Opinion
No. 1D01-4080.
May 22, 2002.
An appeal from the Circuit Court for Escambia County. T. Michael Jones, Judge.
Tangi C. Uher of Potter Uher, P.A., Pensacola, for Appellant.
Robert A. Butterworth, Attorney General; Robert R. Wheeler, Assistant Attorney General, Tallahassee, for Appellee.

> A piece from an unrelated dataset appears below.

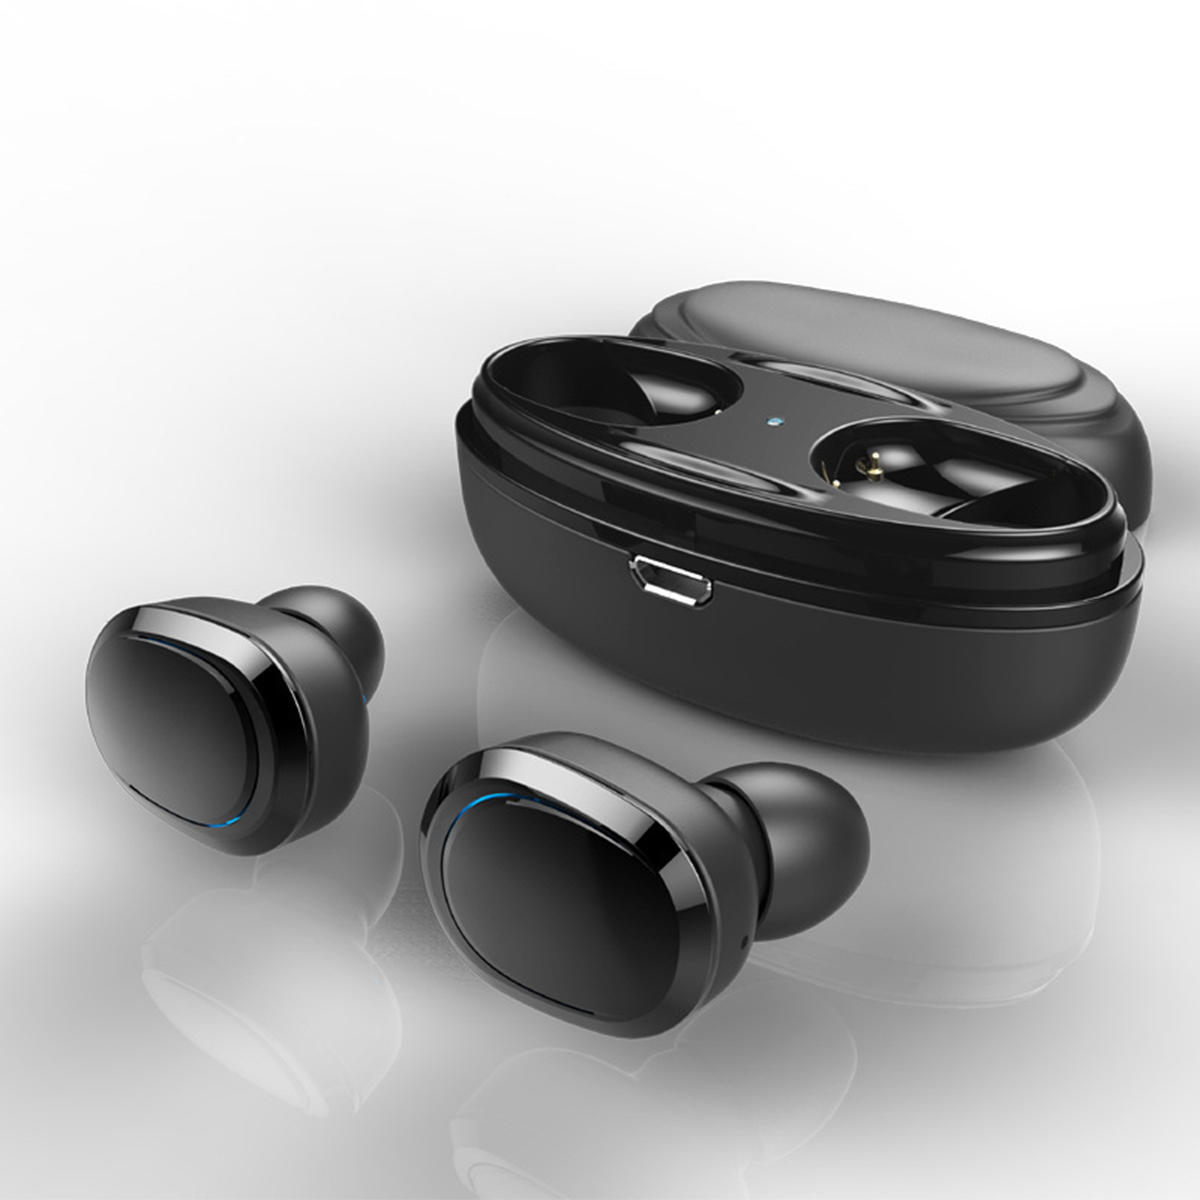 [True Wireless] T12 TWS Draadloze bluetoothoortelefoon Binaurale stereohoofdtelefoon met oplaaddoos

The state presented sufficient evidence from which the jury could have reasonably found (as it did) that appellant was guilty of possession of a firearm by a convicted felon. See, e.g., Daniels v. State, 718 So.2d 1274, 1275 (Fla. 2d DCA 1998) (proof of either actual or constructive possession of a firearm is sufficient to support a conviction for possession of a firearm by a convicted felon). Accordingly, we affirm appellant's conviction for that offense. However, because the state presented no evidence demonstrating that appellant had the firearm either on his person or "within immediate physical reach with ready access with the intent to use the firearm during the commission of the offense" as required by section 775.087(4), Florida Statutes (2000), we reverse the three-year mandatory minimum sentence imposed pursuant to that statute, and remand with directions to strike that portion of the sentence.
AFFIRMED IN PART; REVERSED IN PART; and REMANDED, with directions.
BARFIELD, WEBSTER and BENTON, JJ., CONCUR.